Part 1, Chapter 1 Summary

Content Warning: This novel features racism and racial slurs toward Chinese people, as well as violence, abuse, and enslavement.

Stephen sits and watches over his grandfather’s burlap-wrapped corpse as his father tries to dig a burial hole. Overwhelmed, he goes to the edge of the hill and stares at the ruins of an old mall and McDonald’s. He thinks about his grandfather’s hand, limp with death, which used to hit him and his father whenever they did anything wrong. Stephen gathers firewood and returns to his father; he builds a fire and helps his father lower the body into the grave. His father refuses to take off the corpse’s ring even though the gold is extremely valuable. After covering the body, Stephen’s father collapses sobbing, and he and Stephen sit together and comfort each other. Stephen’s father reassures him that nothing will ever change.

Part 1, Chapter 2 Summary

Stephen rearranges his pack in the morning, struggling with the instinctive fear of his grandfather hitting him for doing it wrong. He puts his only book—a copy of The Lord of the Rings—at the top since he no longer must hide it from his grandfather. He and his father and their donkey, Paolo, begin to travel again, leaving the burial mound behind them.
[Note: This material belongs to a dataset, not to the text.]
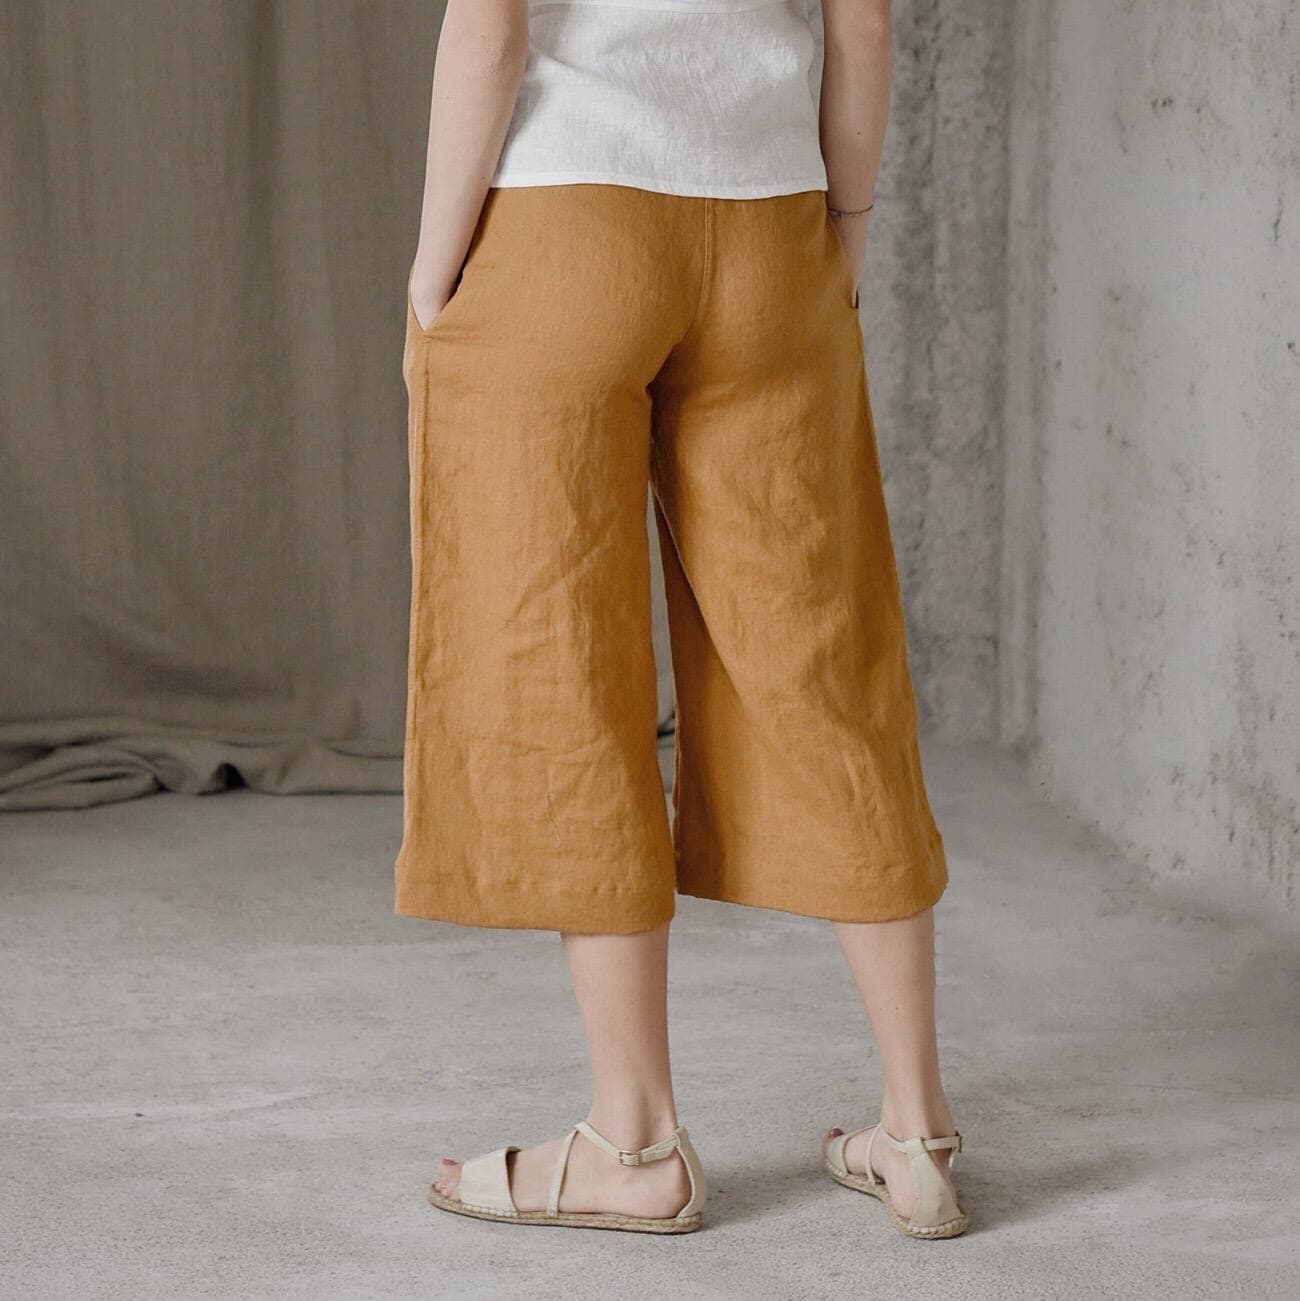 Pantalon lino - ladrillo de Mujer — Cuatroases

Stephen contemplates how strange it feels to know his grandfather, who survived so much, died of an illness.

Stephen watches rows of abandoned houses and buildings go by and contemplates how unreal the idea of life before the Collapse feels. Five years before his birth, a war between America and China broke out when a few backpacking students were caught where they shouldn’t have been. Due to anxieties over global warming and other issues, this led to a devastating worldwide conflict that few survived.
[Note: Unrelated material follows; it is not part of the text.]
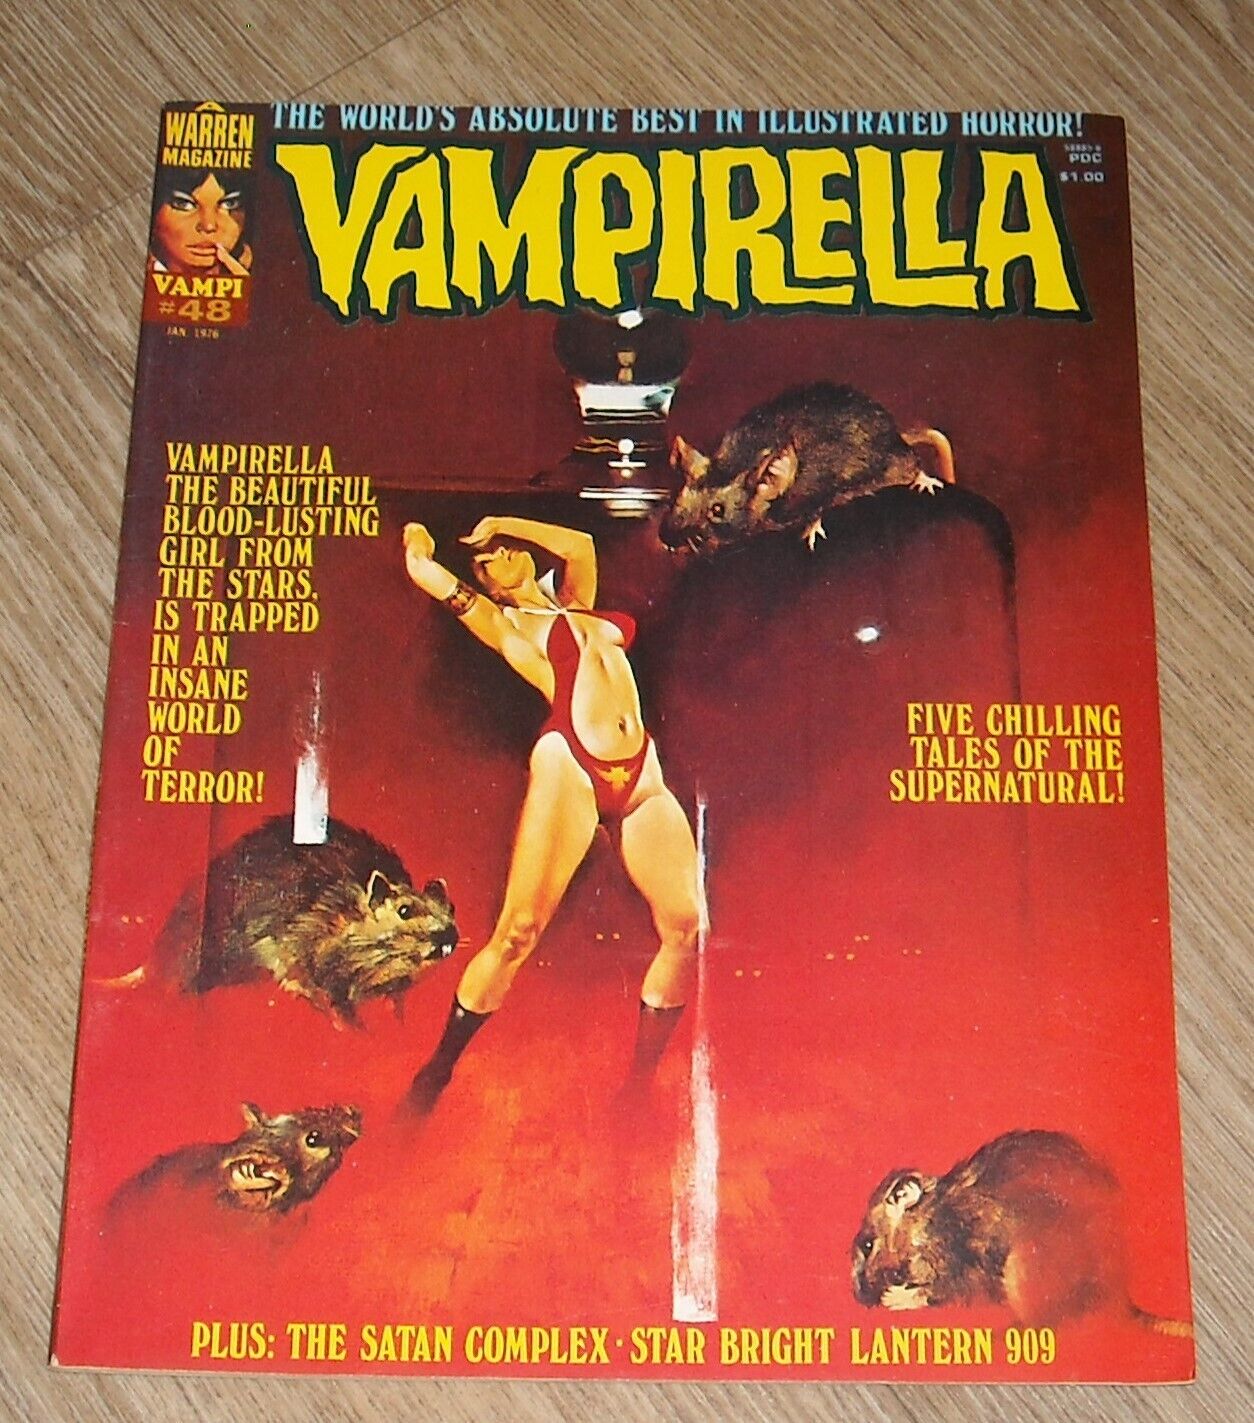 VAMPIRELLA # 48 MAGAZINE WARREN PUBLISHING January 1976 ENRICH COVER 5 STORIES

Stephen’s father reassures him that everything will be all right. They are taking scraps of metal and glass back to the “Southern Gathering” in the remnants of Florida, where General Casey—the Southern Gathering’s leader—will take their goods in exchange for supplies. They stop for lunch; Stephen fixes a hole in his sweatshirt and asks if his grandfather was different before the Collapse. His father says that he was and apologizes for ever letting him hurt Stephen. As they get going, his father stares out west hungrily but snaps out of it.

They find an American B-88 bomber plane half-exposed in a clearing, covered in vines and dirt. They investigate the wreckage, but most of it has been cleared out by other people. Stephen asks why the bomber would have been flying south in the first place, and his father explains something called P-11—a Chinese virus, P11H3, that was labeled the 11th plague and released in response to nuclear bombs. It was a “souped-up strain of the flu” that destroyed millions (15). The American government decided to bomb their big cities to prevent the spread of disease, which failed. The Collapse occurred when so few people were left alive that society ceased to function.

They find a locker in the bomber and open it, finding a blanket, useless rations, and a treasure—a large can of preserved pears. Stephen’s father rushes to open it since they haven’t had canned fruit in two years, but Stephen stops him, insisting they must use it to trade for necessities. His father says that he is just like his grandfather, and Stephen, hurt and scared, immediately opens the can and eats a piece of pear. They gorge themselves on the pears and Stephen regrets it almost immediately after, overwhelmed by guilt.

As they prepare to leave, Stephen’s father suggests they travel west instead of staying on their usual loop, which Stephen harshly rejects. He thinks that having a home is a fantasy. Stephen’s father suddenly yells for the rifle and says that people are heading in their direction with a vehicle. To avoid being hurt or killed, they hide in the bomber, but it starts to rain.

Part 1, Chapter 3 Summary

The rain means that the group of people take shelter in the bomber, and Stephen and his father quickly realize that they are enslavers—ex-military or otherwise violent people who profit from kidnapping others and selling them. They have a boy and a woman in chains. Stephen and his father hide and watch the enslavers settle in.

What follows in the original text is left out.